Find the sum of the series $$\sum_{n=1}^\infty \frac1{2^n} \int_1^2 \sin \left(\frac{\pi x}{2^n}\right) dx.$$

HINT: Simplify the $$n$$-th term of the series by making the substitution $$u = x/2^n$$ in the corresponding integral. Then consider the sequence of partial sums of the series.

I am having trouble figuring out the limits of the definite integral after $$u$$-substitution. I got $$u=x/(2^n)$$ where $$u(1)=1/(2^n)=2^{-n}$$ and $$u(2)=2/(2^n)=2^{1-n}$$.

Do I then use $$2^n$$ and $$2^{1-n}$$ as the limits of the integral or $$2^{-n}$$ and $$2^{1-n}$$?

• You've got it.

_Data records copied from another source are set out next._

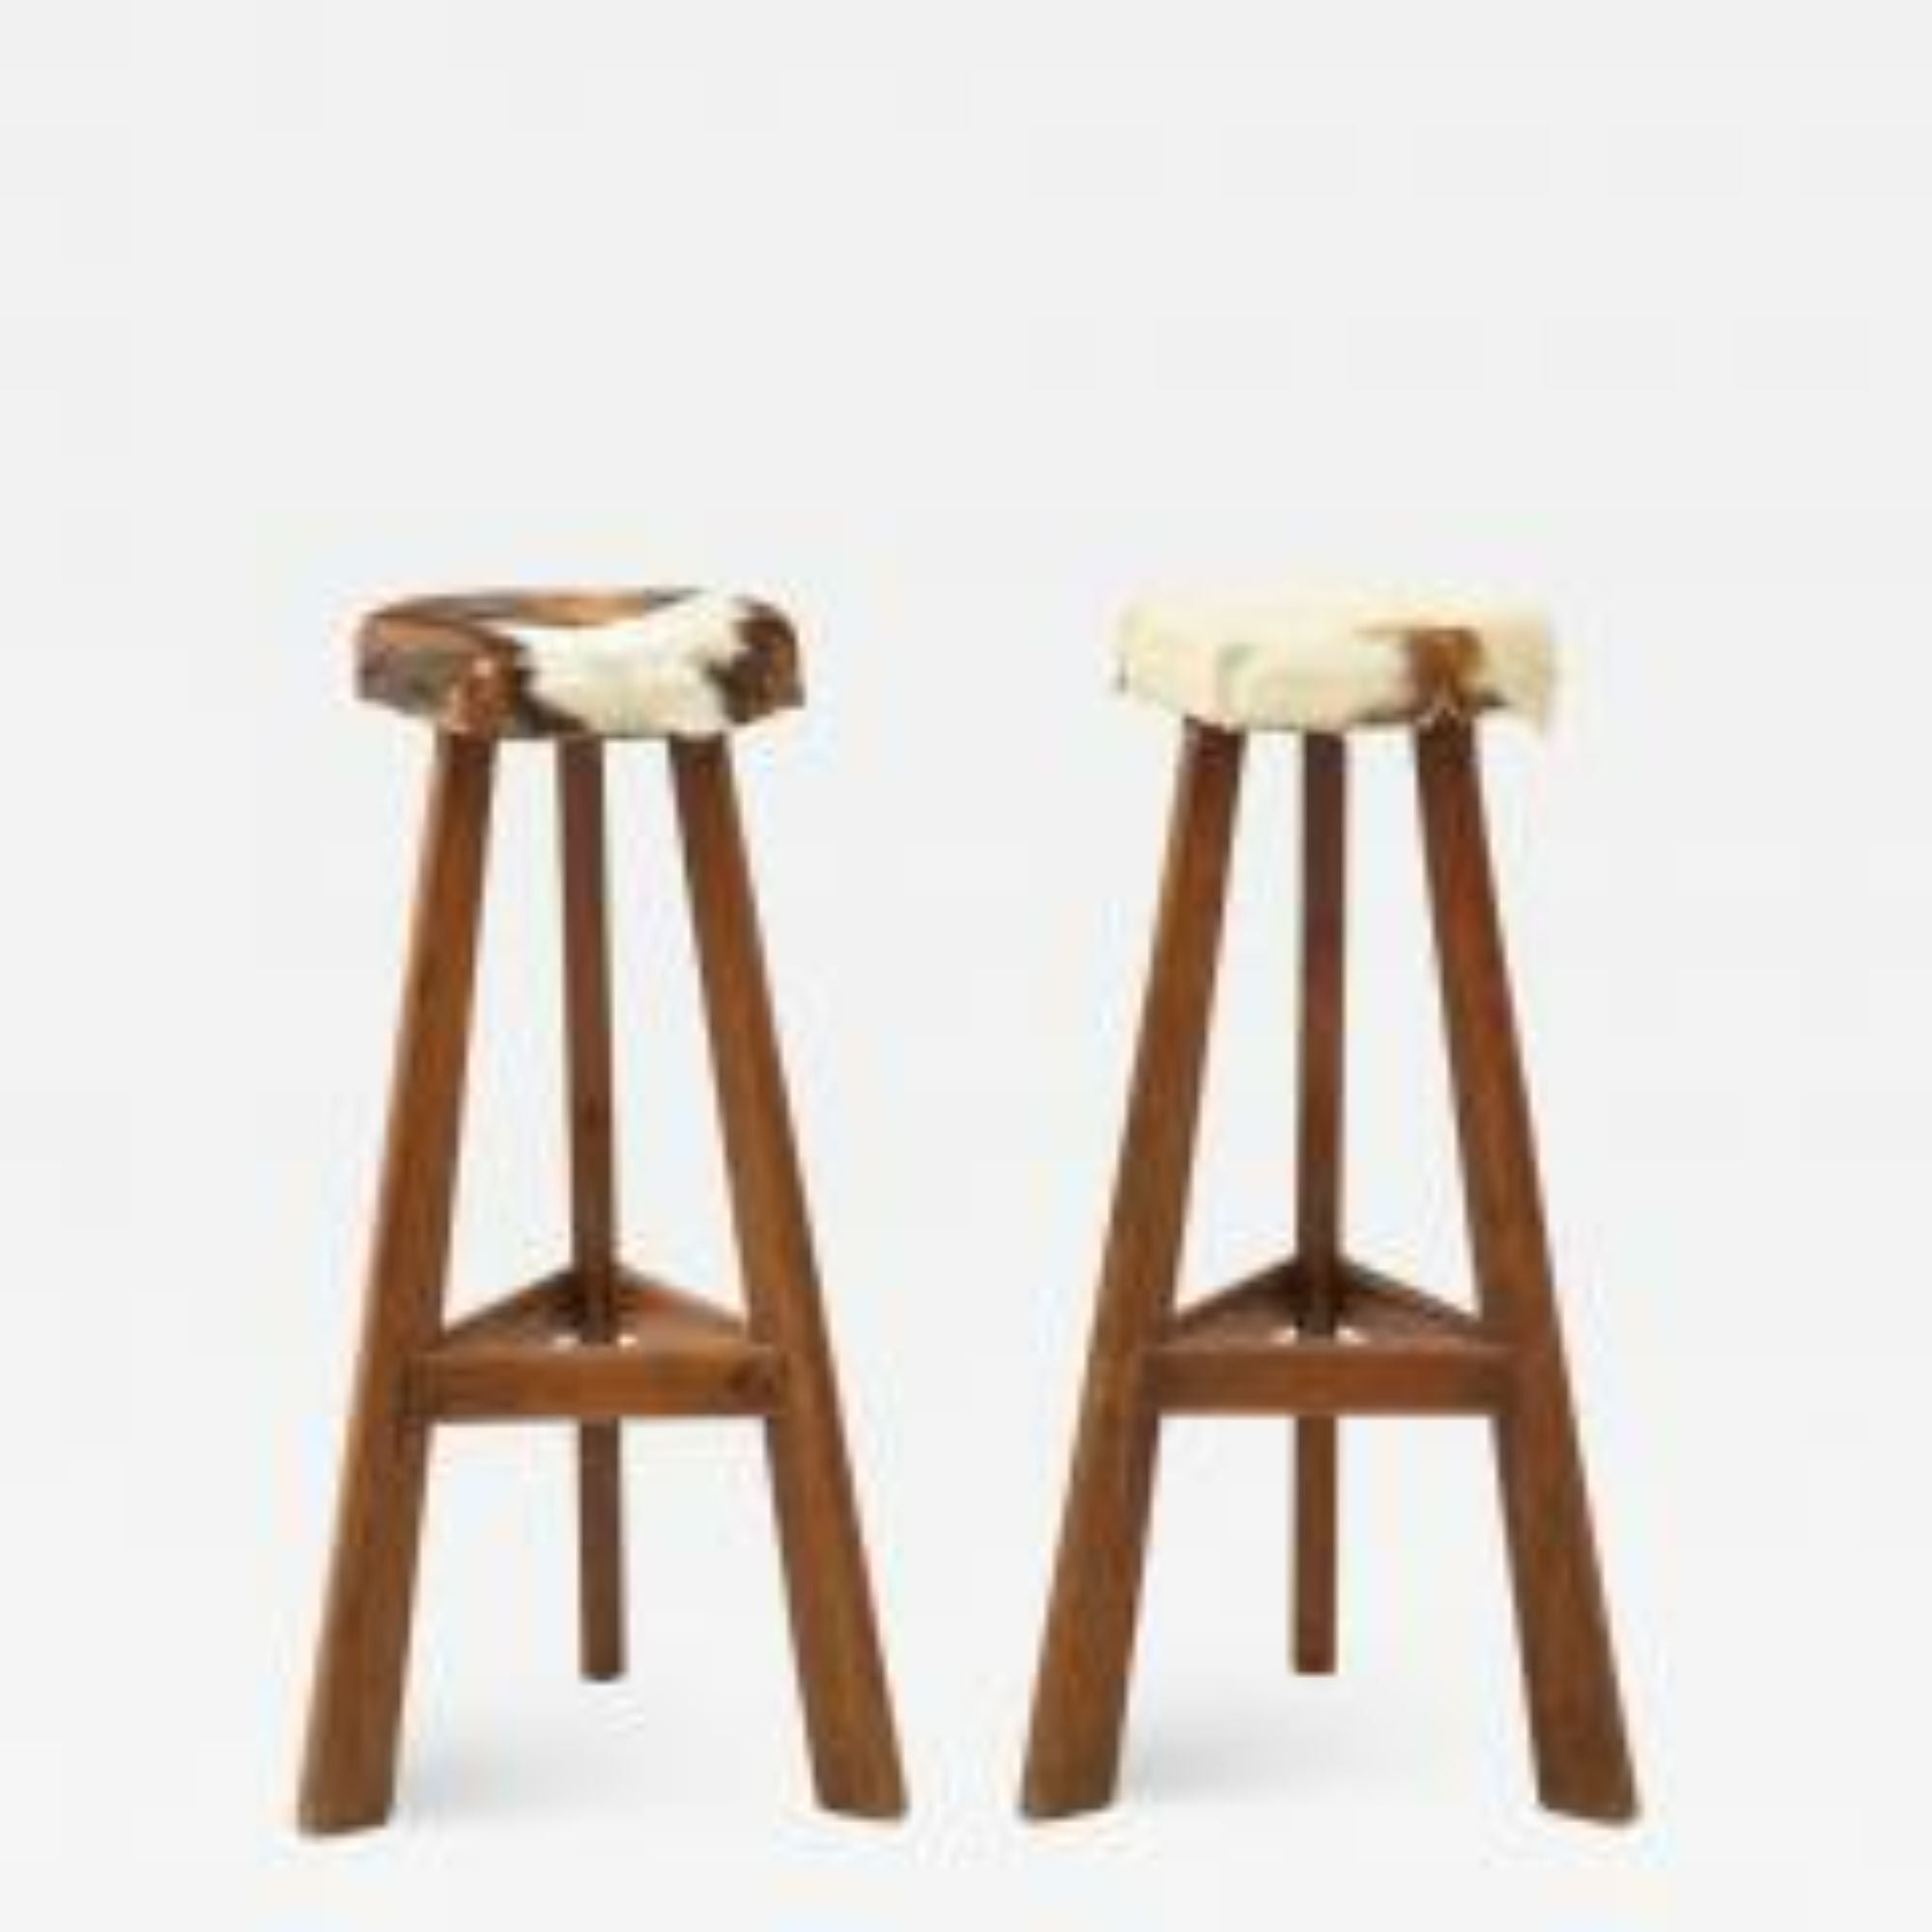 Pair of French midcentury Stools with Cowhide Seats

Stunning pair of French midcentury stools.
Elegant tapered wood legs, plush cowhide fur seats, and handsome joinery details.

Additional Information:
Materials: Wood, Cowhide Fur
Origin:

Simply substitute $x$ with $1$ and $2$ to get $2^{-n}$ and $2^{1-n}$ as limits for $u$ Commented Sep 22, 2020 at 1:26

## 1 Answer

$$S=\sum\limits_{n=1}^\infty \frac1{2^n} \int\limits_1^2 \sin \left(\frac{\pi x}{2^n}\right) dx=\sum\limits_{n=1}^\infty \frac1{2^n} \Big[-\frac{2^n}{\pi}\cos\left(\frac{\pi x}{2^n}\right)\Big]_1^2=\sum\limits_{n=1}^\infty \frac1{\pi}\left(\cos( \frac{\pi}{2^n})-\cos( \frac{2\pi}{2^n})\right)$$

The last sum consists of telescopic series so:

$$S=\dfrac{1}{\pi}\lim_{n\rightarrow \infty}\big(- cos(\pi)+cos(\frac{\pi}{2^n}\Big)=\dfrac{2}{\pi}$$